# [PROBLEM DETAILS]
Keep the pictures out. Copy every line of the listing exactly.

# [GIVEN DATA]
-- -- --

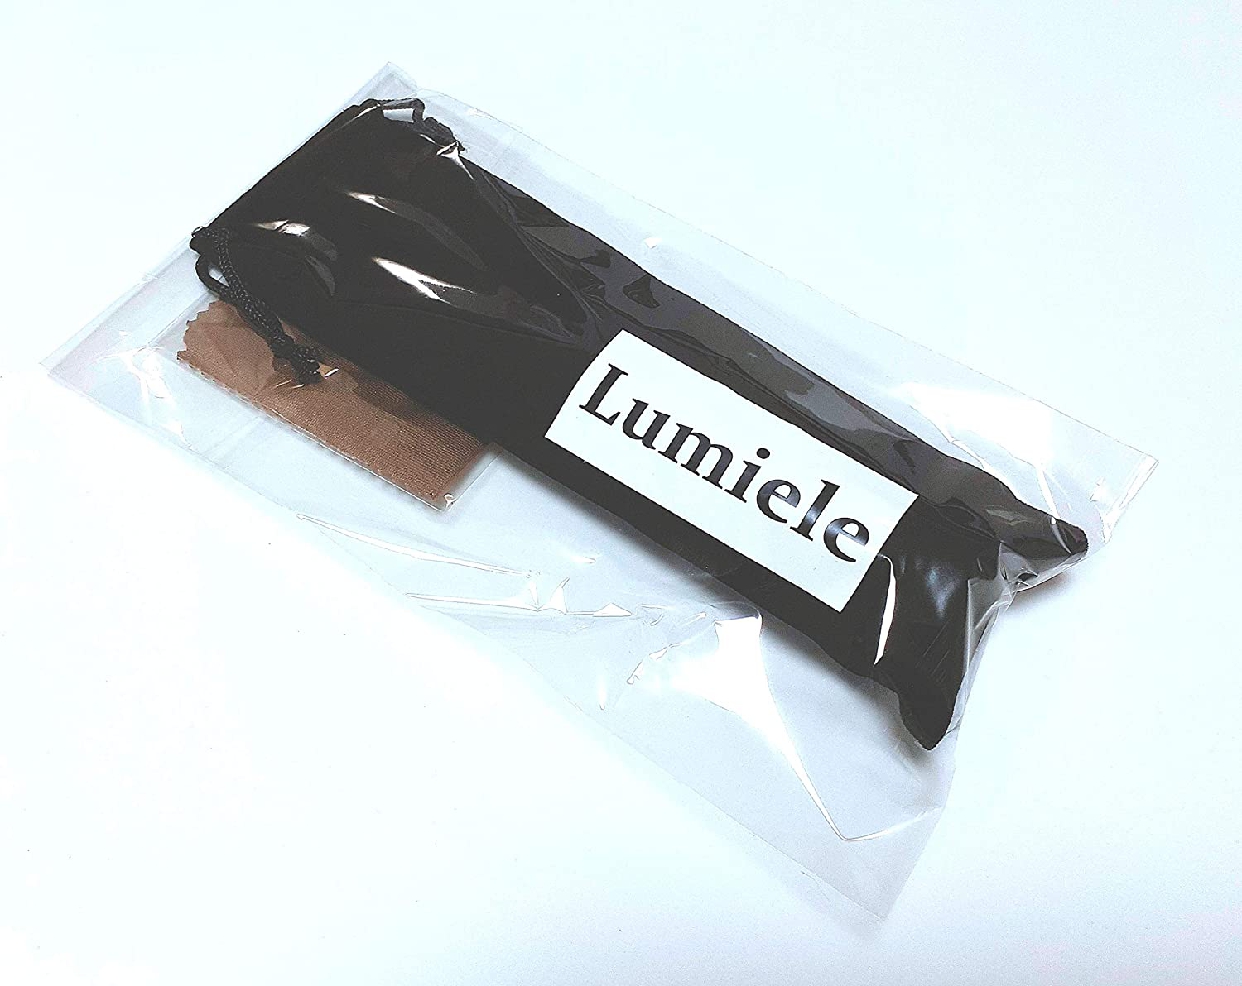 Lumiele(ルミエール) かっさ棒の商品画像6 
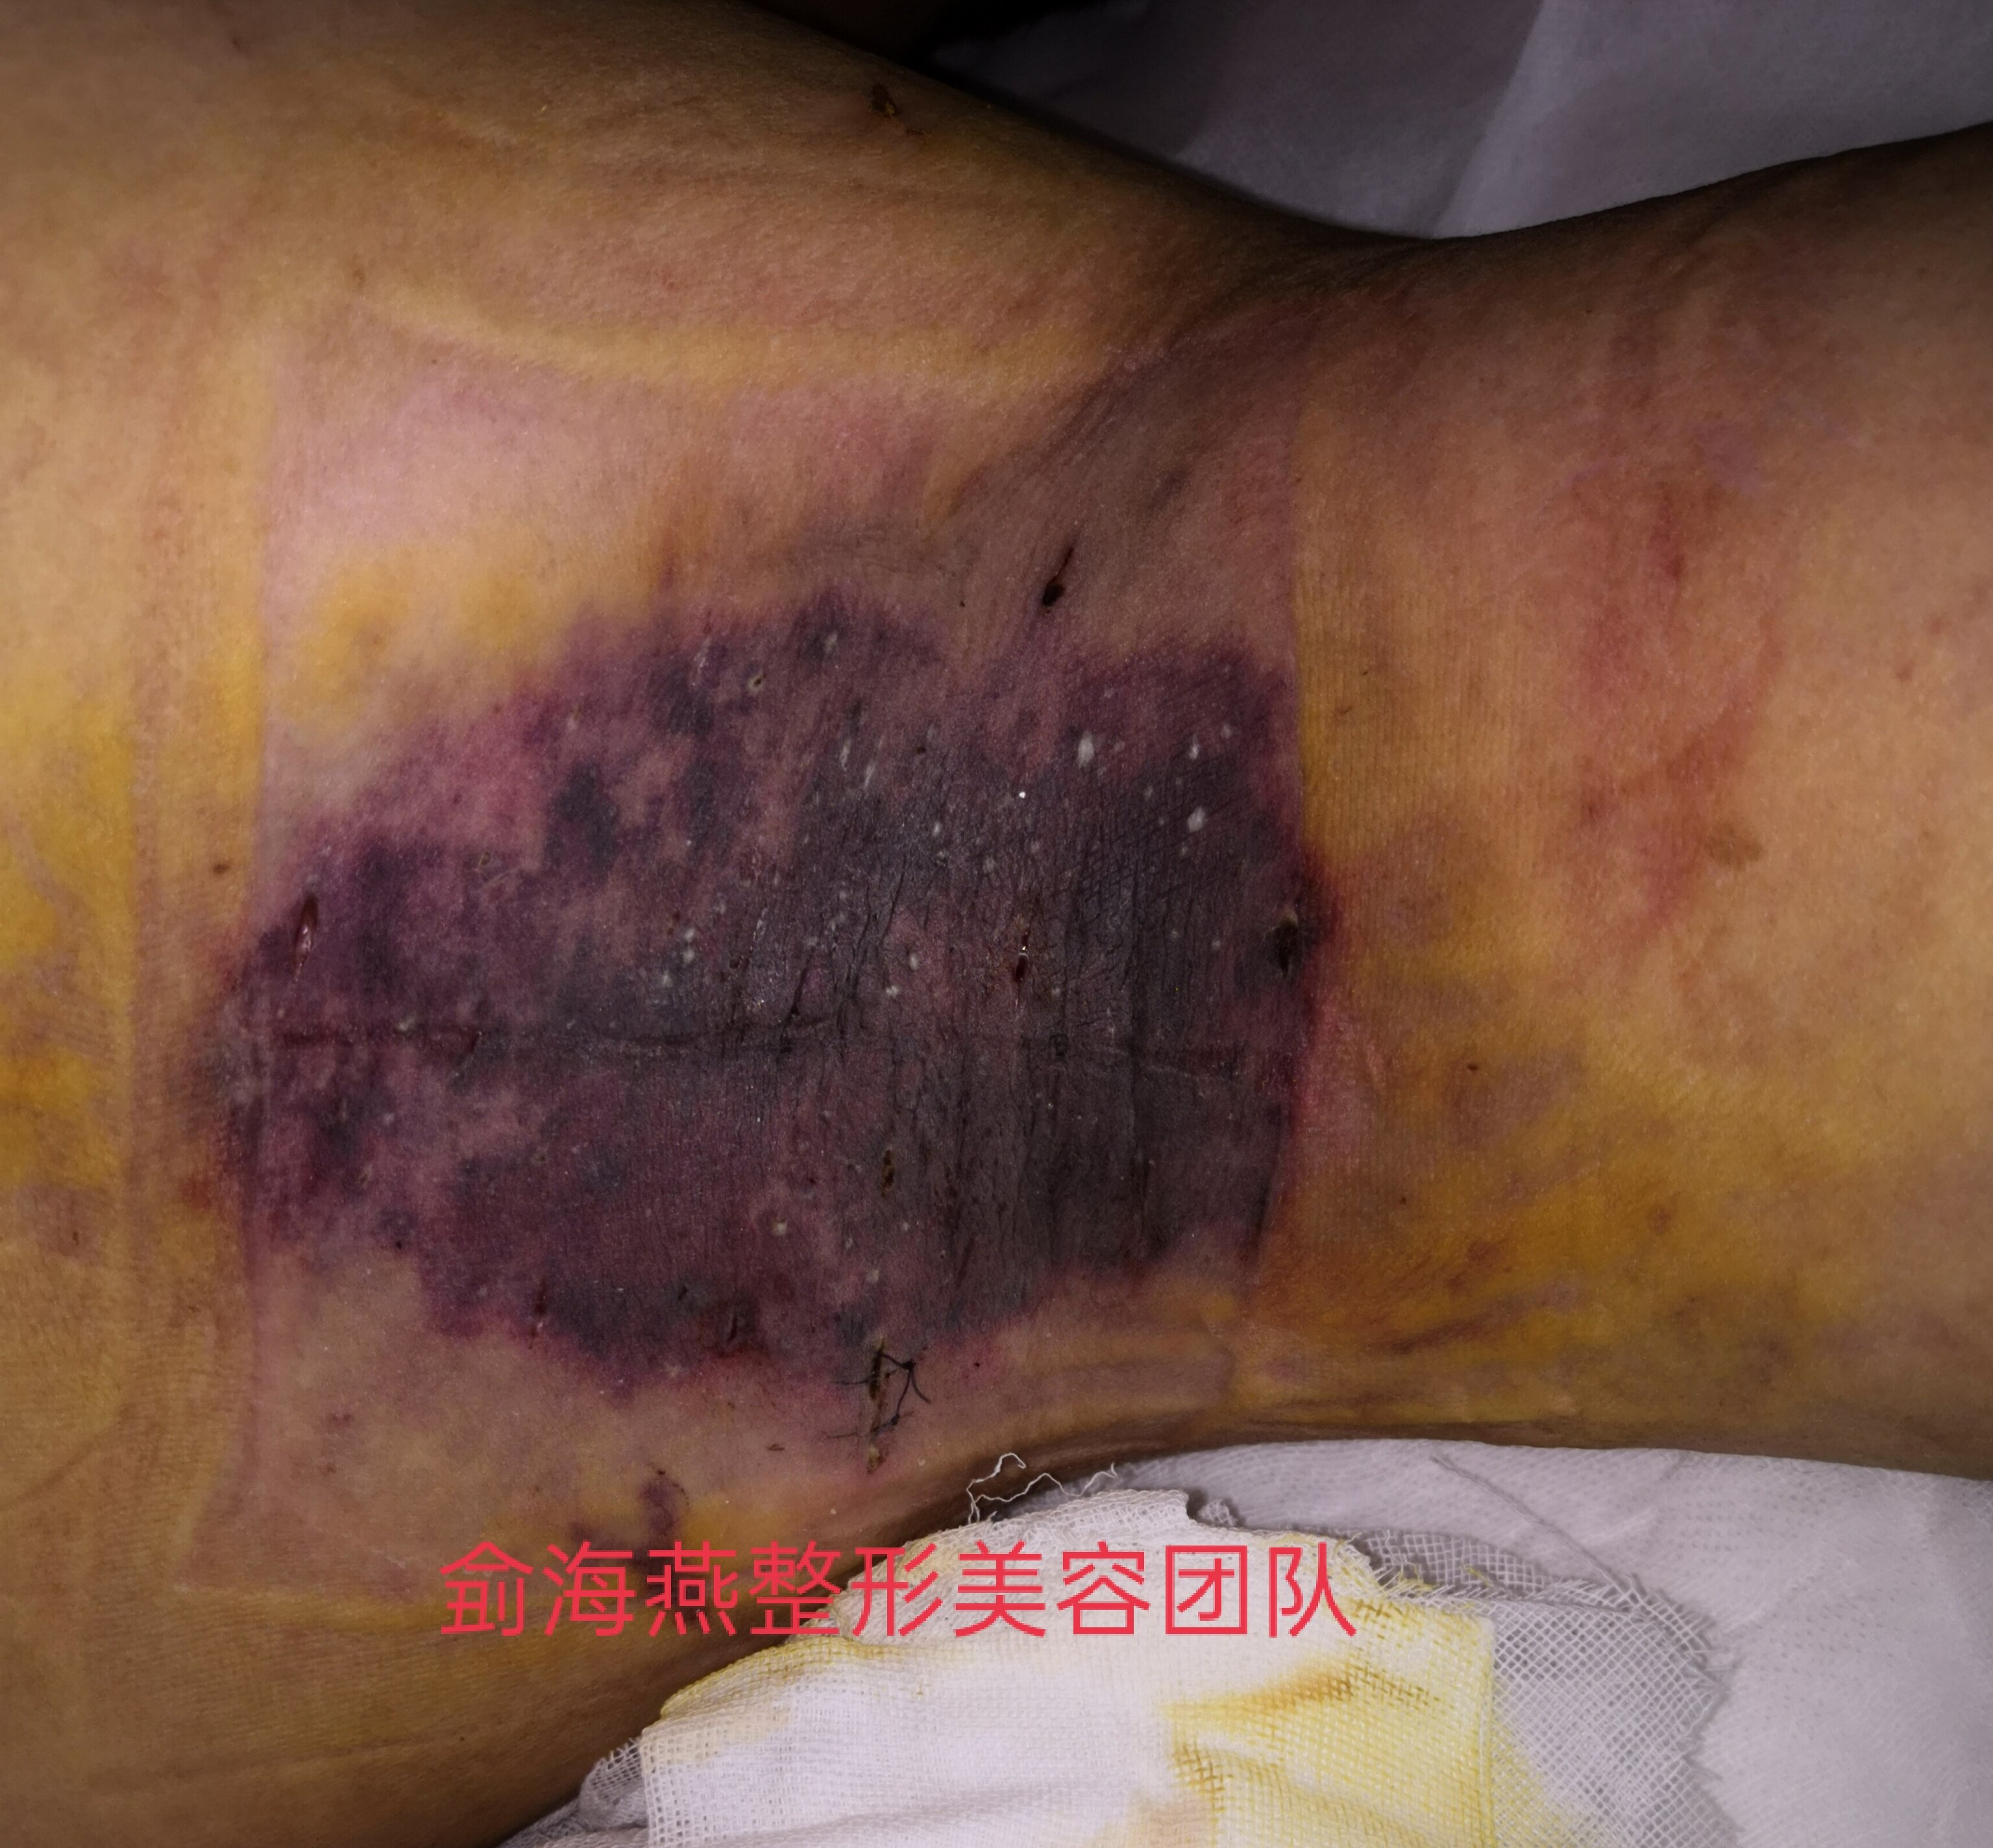 所谓的微创手术导致皮肤坏死的案例河南省人民医院整形外科侴海燕专家
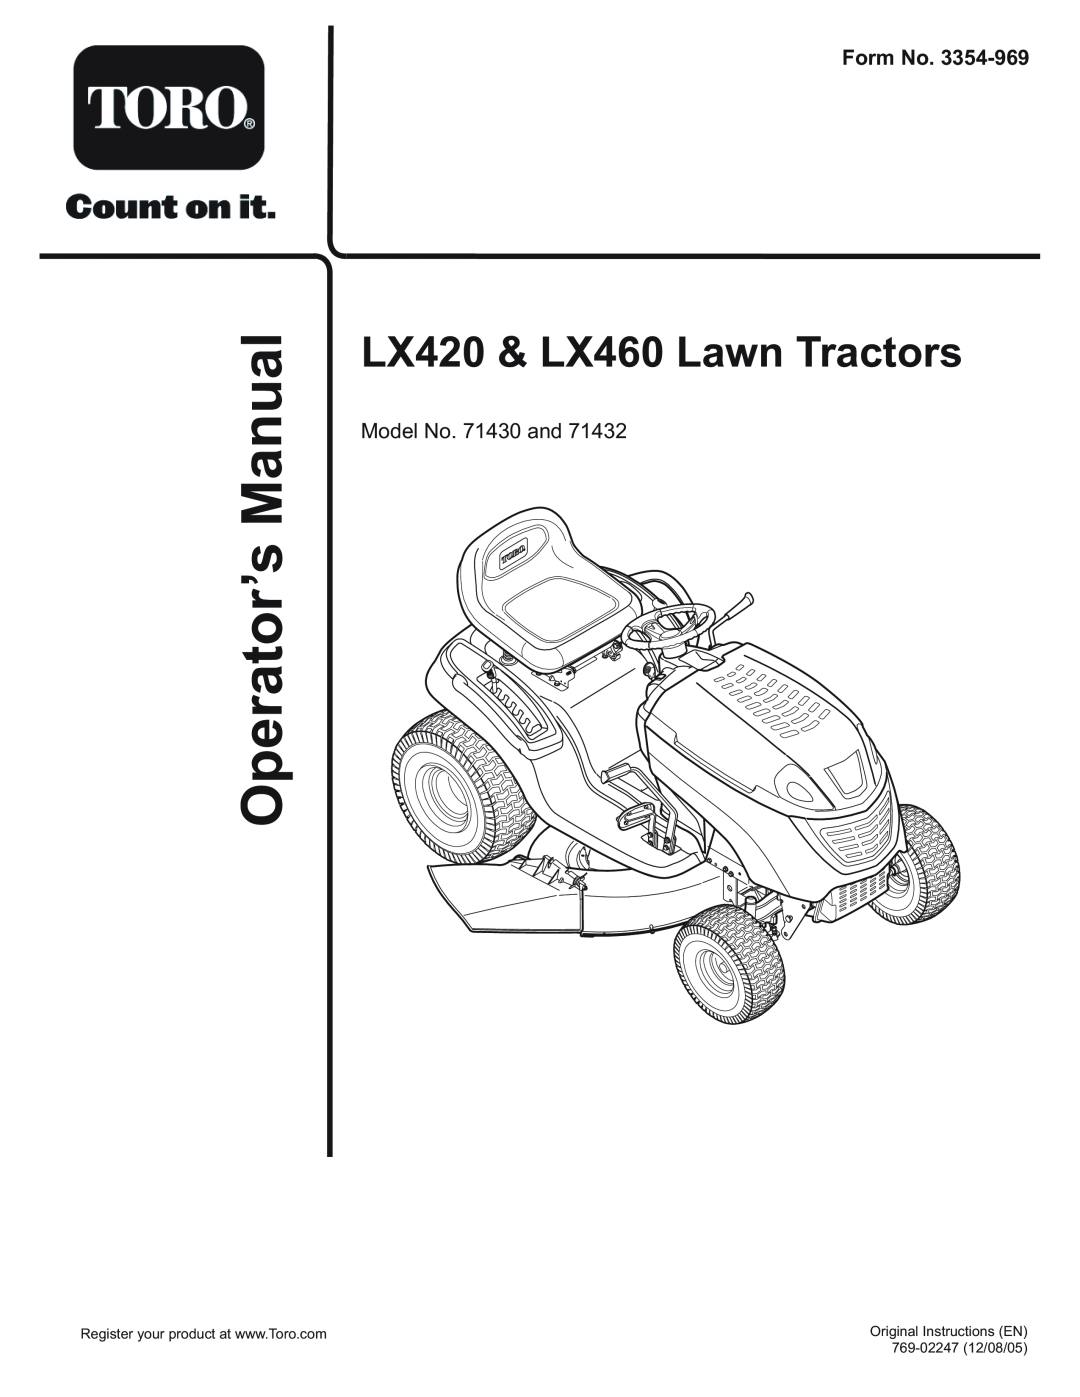 Toro 71430, 71432 manual LX420 & LX460 Lawn Tractors, ManualOperator’s, Form No, Model No. 71430 and, 769-0224712/08/05 
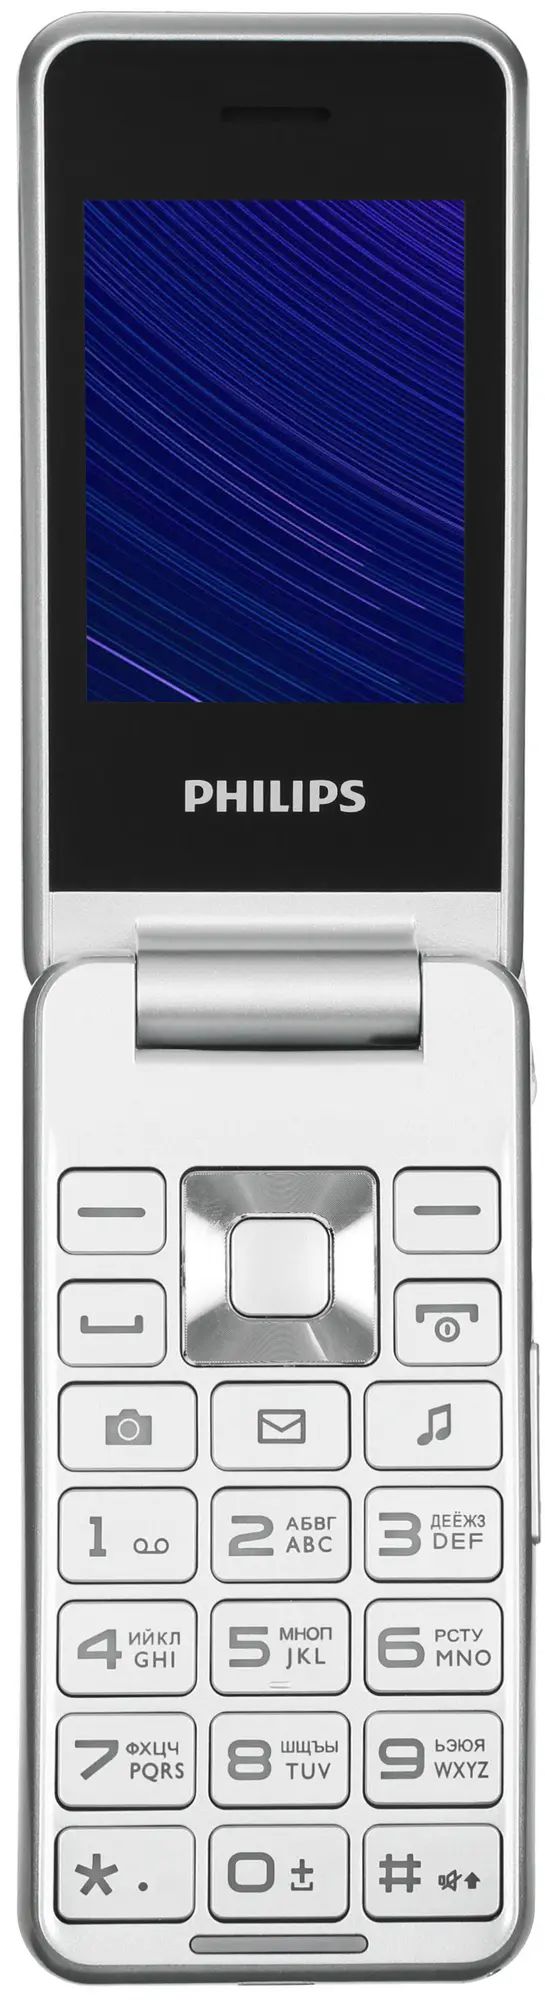 Филипс 2601. Philips Xenium e2601. Philips Xenium e2601 серебристый. Сотовый телефон Philips Xenium e2601 белый. Сотовый телефон Philips Xenium e2601, серебристый.

-- -- --

# [EXERCISE RESPONSE]
 Lumiele(ルミエール) かっさ棒の商品画像6 
 所谓的微创手术导致皮肤坏死的案例河南省人民医院整形外科侴海燕专家
 Toro 71430, 71432 manual LX420 & LX460 Lawn Tractors, ManualOperator’s, Form No, Model No. 71430 and, 769-0224712/08/05 
 Филипс 2601. Philips Xenium e2601. Philips Xenium e2601 серебристый. Сотовый телефон Philips Xenium e2601 белый. Сотовый телефон Philips Xenium e2601, серебристый.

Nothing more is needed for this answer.